If you're interested in a little bit of a "roll your own" thing, we have an Open Source project called Neddick[1] that could help. It's heavily centered on RSS feeds and our real target for it is inter-enterprise use... but the RSS feeds can come from anywhere (even Google Alerts, which is actually something we use quite a bit of for our "dogfood" server). Everything is indexed and searchable using Lucene, and there's a feature for adding comments, as well as a recommender to suggest similar pieces of content.

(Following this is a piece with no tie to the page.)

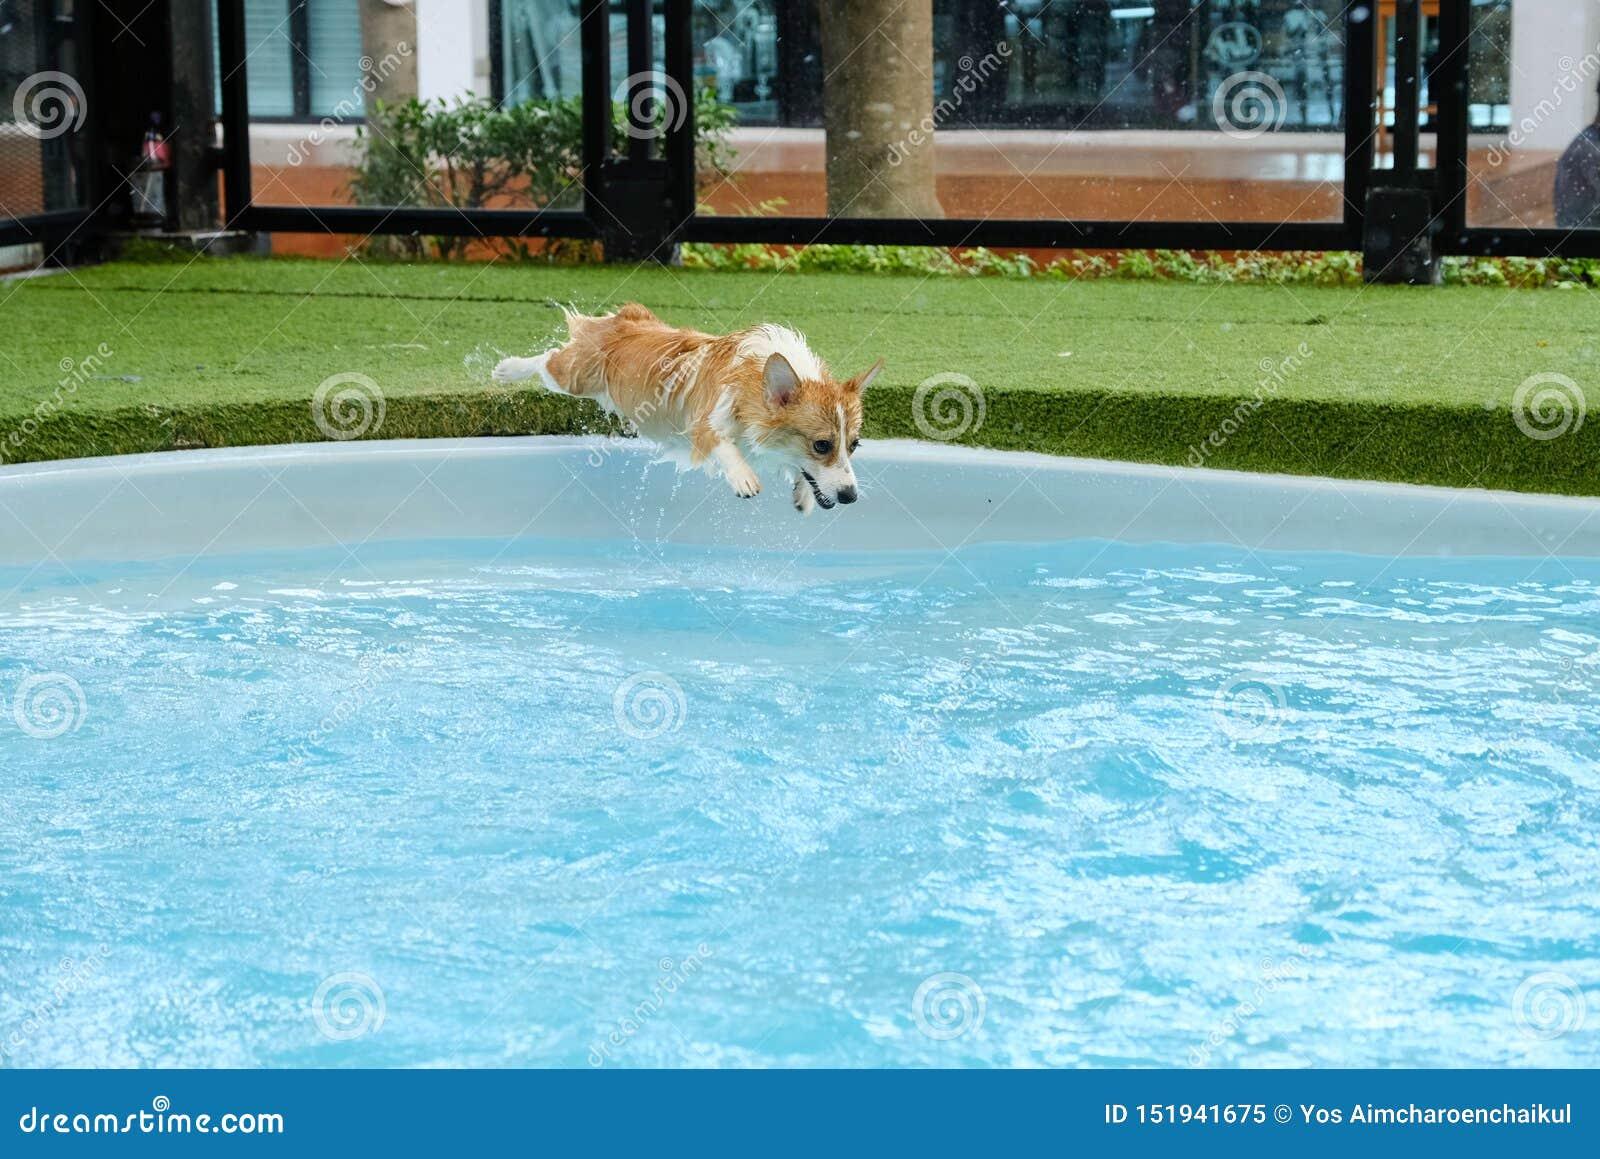 Éxito del perro del corgi Galés para superar el miedo del salto en piscina el fin de semana del verano Los perritos del Corgi son

You can also do RSS aggregation, as each "channel" can consume as many RSS feeds as you want, and then the aggregate of all the entries is itself exposed as an RSS feed.
There's also voting, tagging, a "share" feature that lets you send links via email or XMPP, etc. It also looks a lot like Reddit for some weird reason.... whistles innocently
(There's a new visual theme coming that won't look so obviously inspired by Reddit, BTW)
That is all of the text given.